Ah, this commit limits the number of digits in an integer. But it can be configured with the decoding_integer_digit_limit app env setting. So adding something like:

config :jason, 
  decoding_integer_digit_limit: 2048

to config.exs will allow you to parse larger numbers. It needs to be a compile time configuration I believe.

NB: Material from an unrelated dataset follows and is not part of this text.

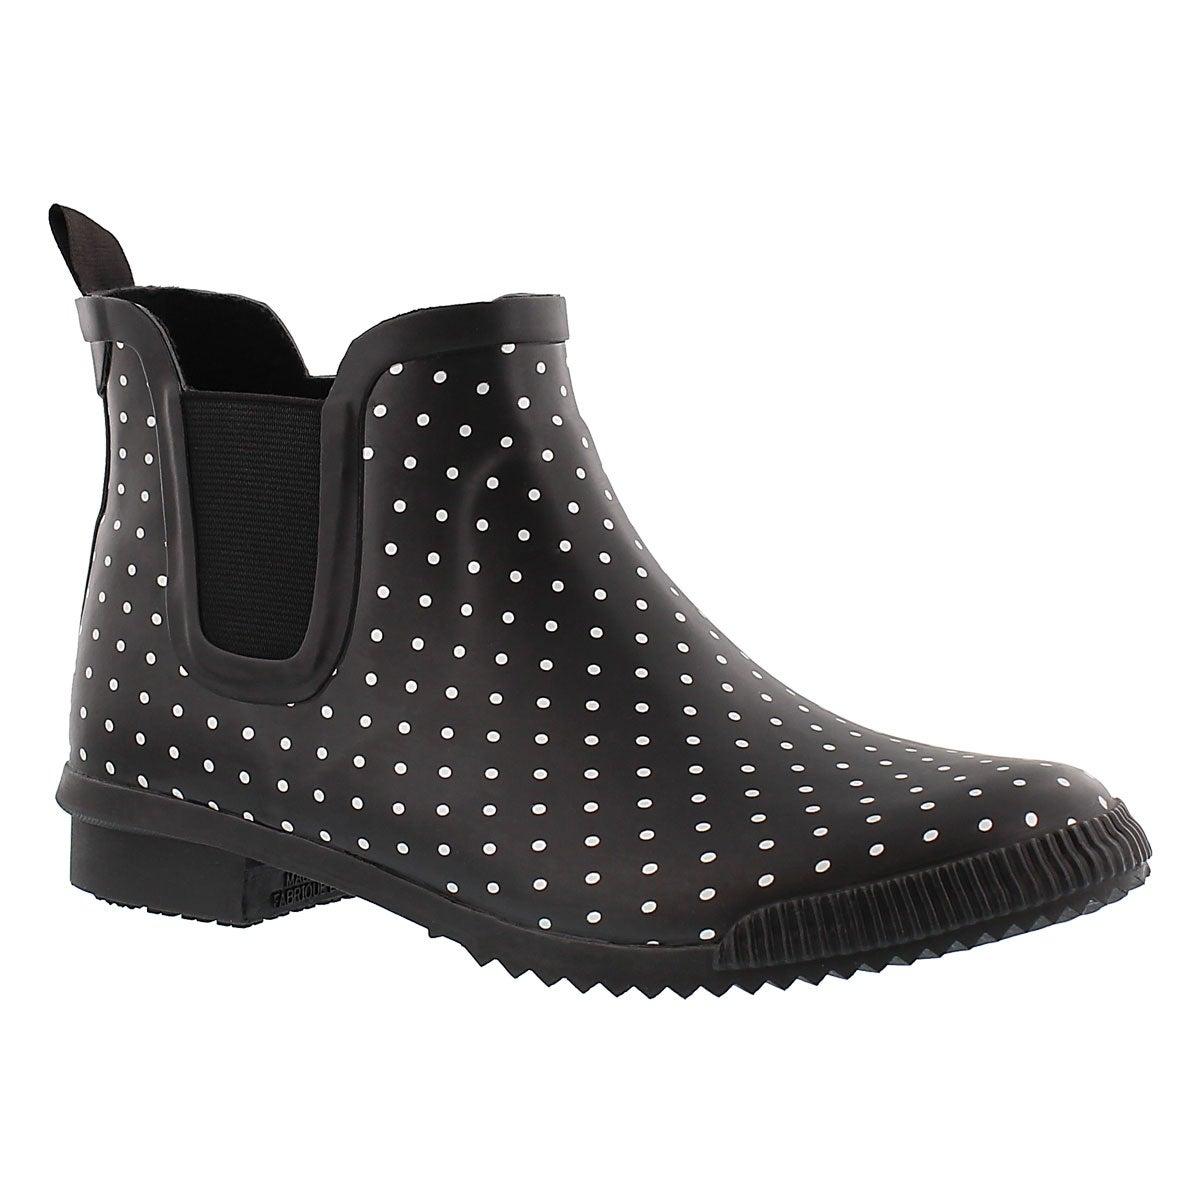 Lds Regent blk polka dot short boot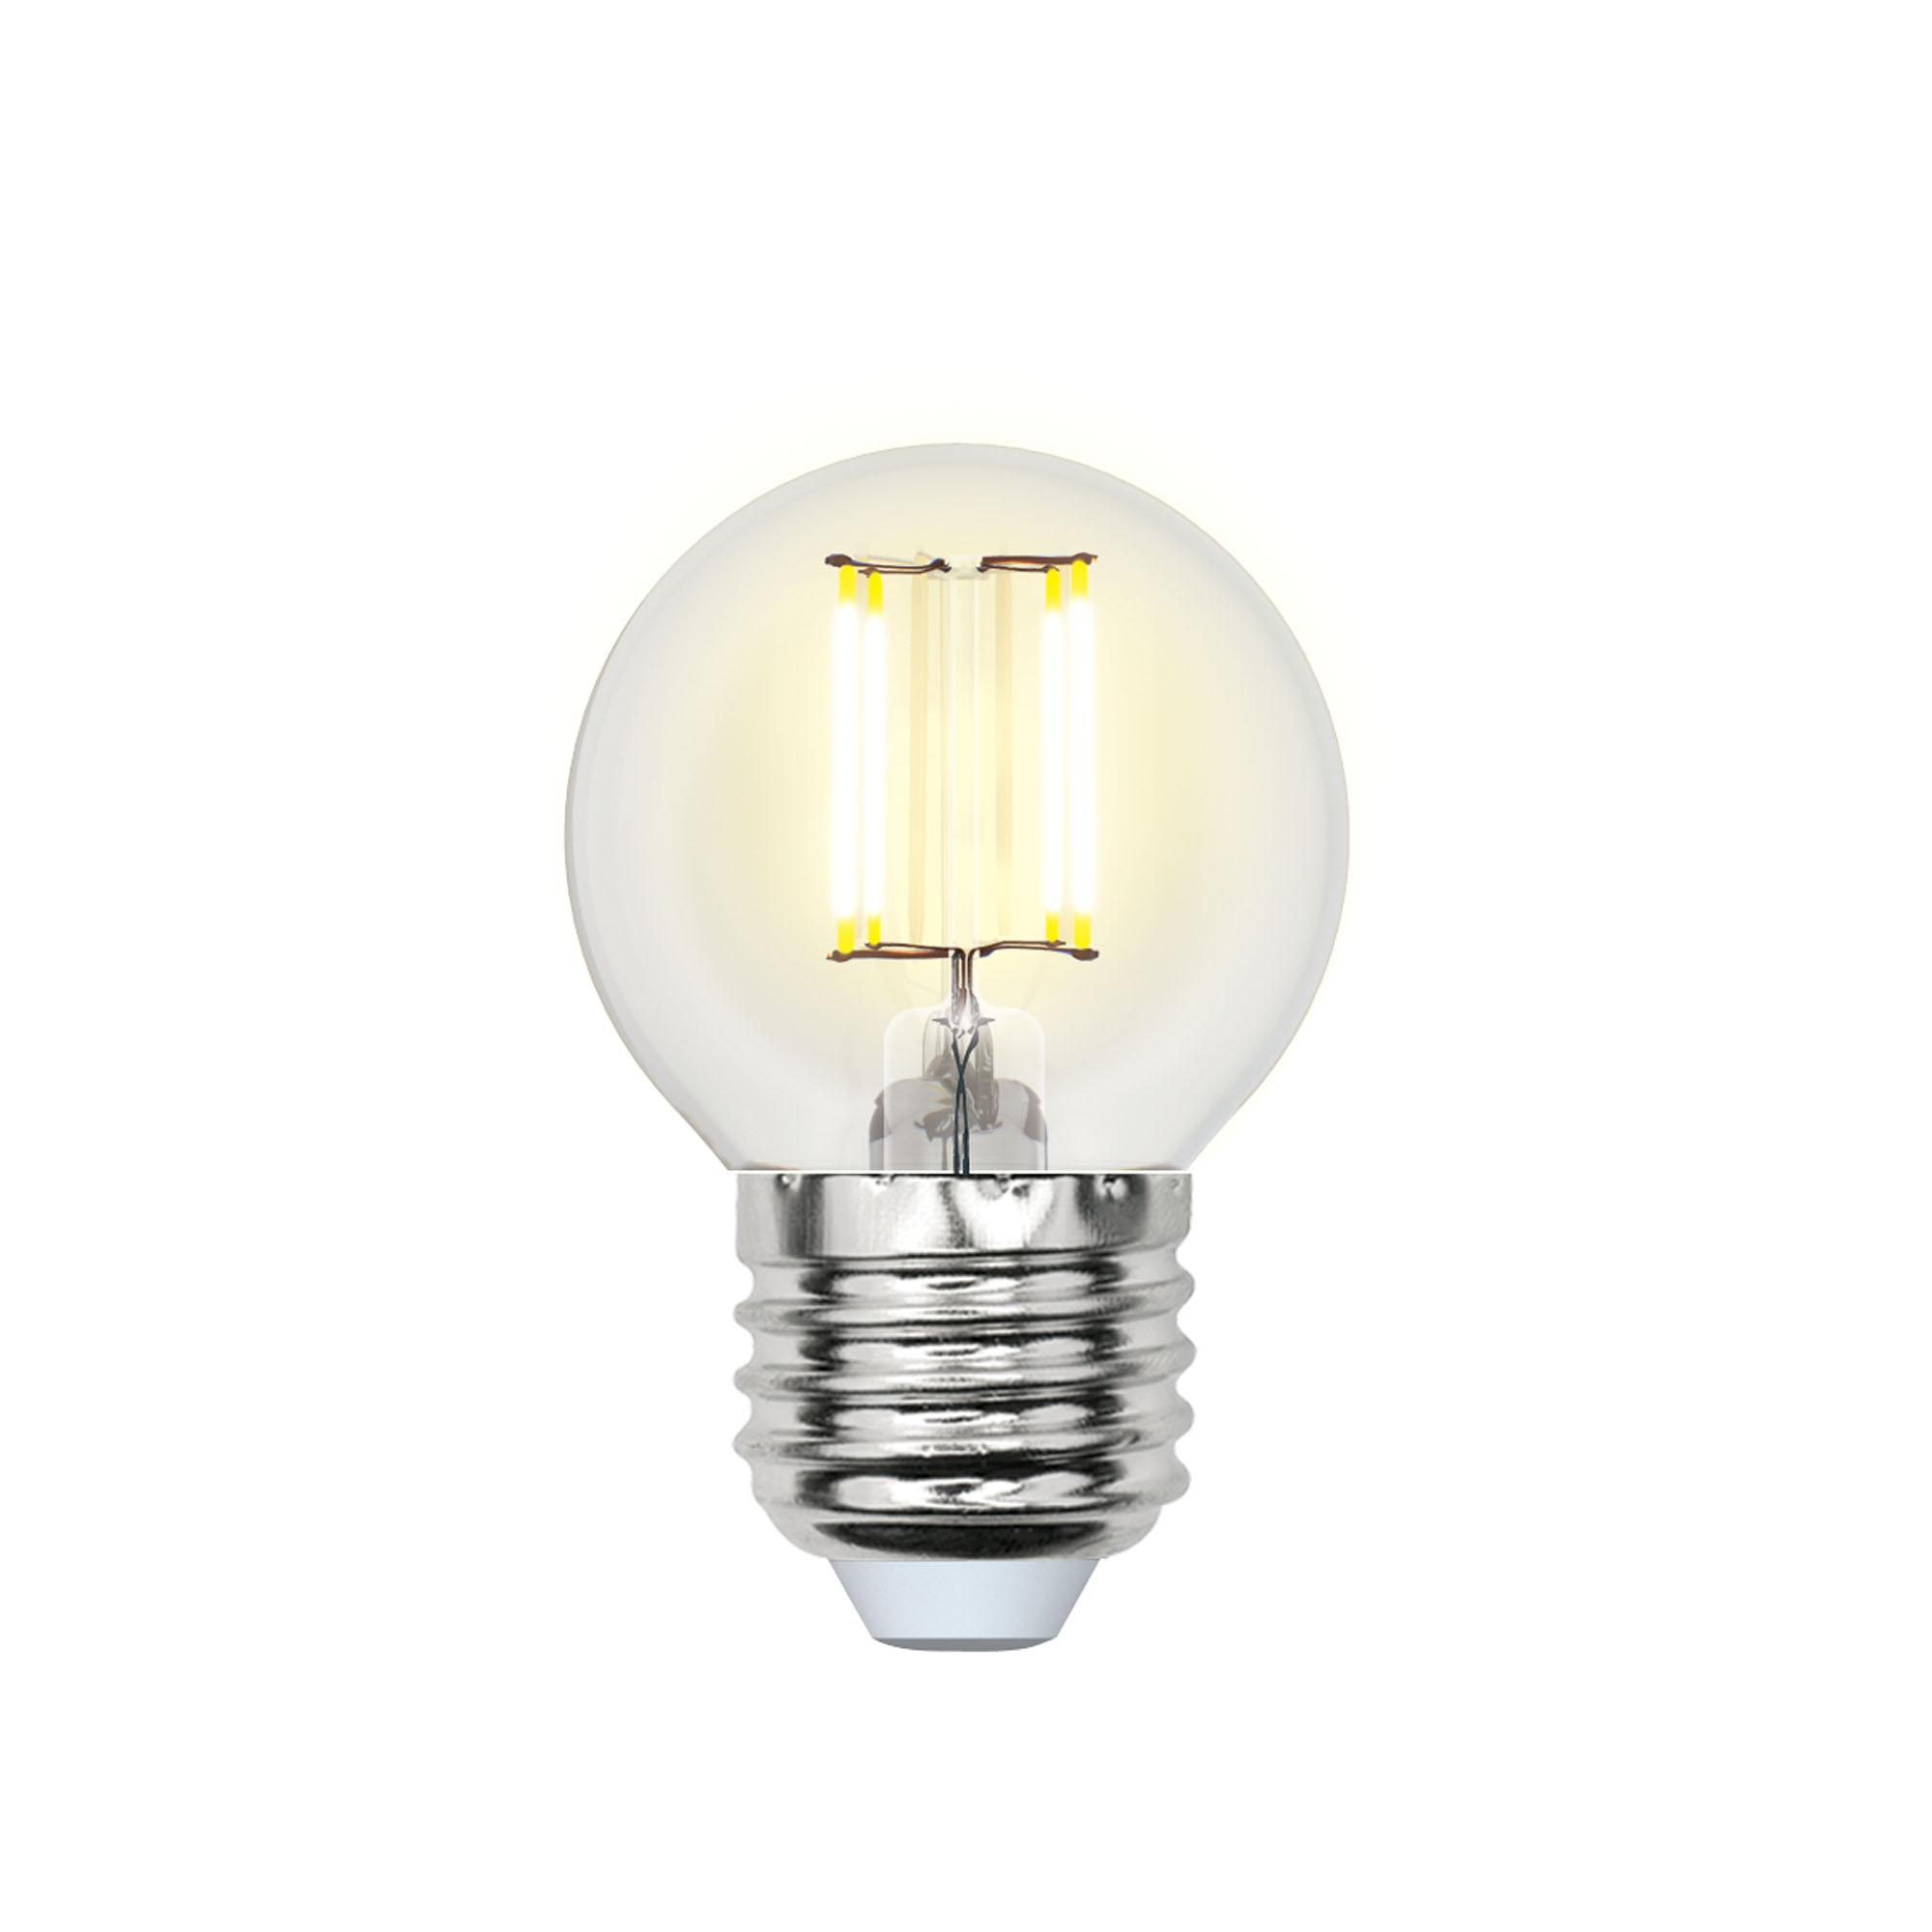 Лампа светодиодная Uniel Led-g45-6w/ww/e27/cl pls02wh 10шт

mayel commented 8 months ago

That did it :) I now have a calculator able to display numbers erlang doesn't:

iex(22)> calc "890 ^ 70"

2.8661602272158866e206

two hundred eighty-six sextillion six hundred sixteen quintillion twenty-two quadrillion seven hundred twenty-one trillion five hundred eighty-eight billion six hundred fifty-eight million twenty-five thousand three hundred forty-three sexagintillion four hundred seventy-one octillion four hundred fifty-two septillion five hundred ninety-five sextillion one hundred seventy-seven quintillion eight hundred twenty-two quadrillion seven hundred eight trillion eight hundred ninety billion six hundred twenty-eight million one hundred twenty-five thousand nine hundred ninety-five quinquagintillion seven hundred eighty-three octillion three hundred four septillion nine hundred ninety-one sextillion six hundred sixty-eight quintillion eighty-one quadrillion six hundred seven trillion four hundred forty-six billion seven hundred eighty-three million eighty-seven thousand nine hundred seven quadragintillion nine hundred forty-one noventrigintillion eight hundred twenty-two octotrigintillion one hundred forty-three septentrigintillion seven hundred seventy-two sestrigintillion three hundred sixty-four quintrigintillion three hundred fifty-five quattuortrigintillion seven hundred forty-five trestrigintillion fifty-seven googol two duotrigintillion nine hundred sixty-one untrigintillion nine hundred thirty-five trigintillion five hundred seventy-eight novemvigintillion five hundred thirty-five octovigintillion four hundred seventy-eight septemvigintillion ten sesvigintillion six hundred twenty-six quinvigintillion nine hundred fifty-six quattuorvigintillion eight tresvigintillion two hundred fifty-five duovigintillion one hundred twenty-nine unvigintillion seven hundred ten vigintillion seven hundred fifty-eight novendecillion eighteen octodecillion nine hundred sixty-seven septendecillion six hundred ninety-four sedecillion seven hundred forty-two quindecillion six quattuordecillion seventy-nine tredecillion nine hundred forty-seven duodecillion two hundred eighty undecillion three hundred seventy-one decillion four hundred twenty-one nonillion one hundred eighty-six octillion one hundred fifty-one septillion four hundred thirty-nine sextillion three hundred eighty-eight quintillion six hundred thirty-nine quadrillion four hundred fifty-two trillion fifty-five billion eight hundred seventy million six hundred thirty-six thousand thirty-two

Sample repo for the curious: https://github.com/mayel/large_numbers_ex

kipcole9 commented 8 months ago

That's .... quite large. And a fun exercise. Thanks for sharing.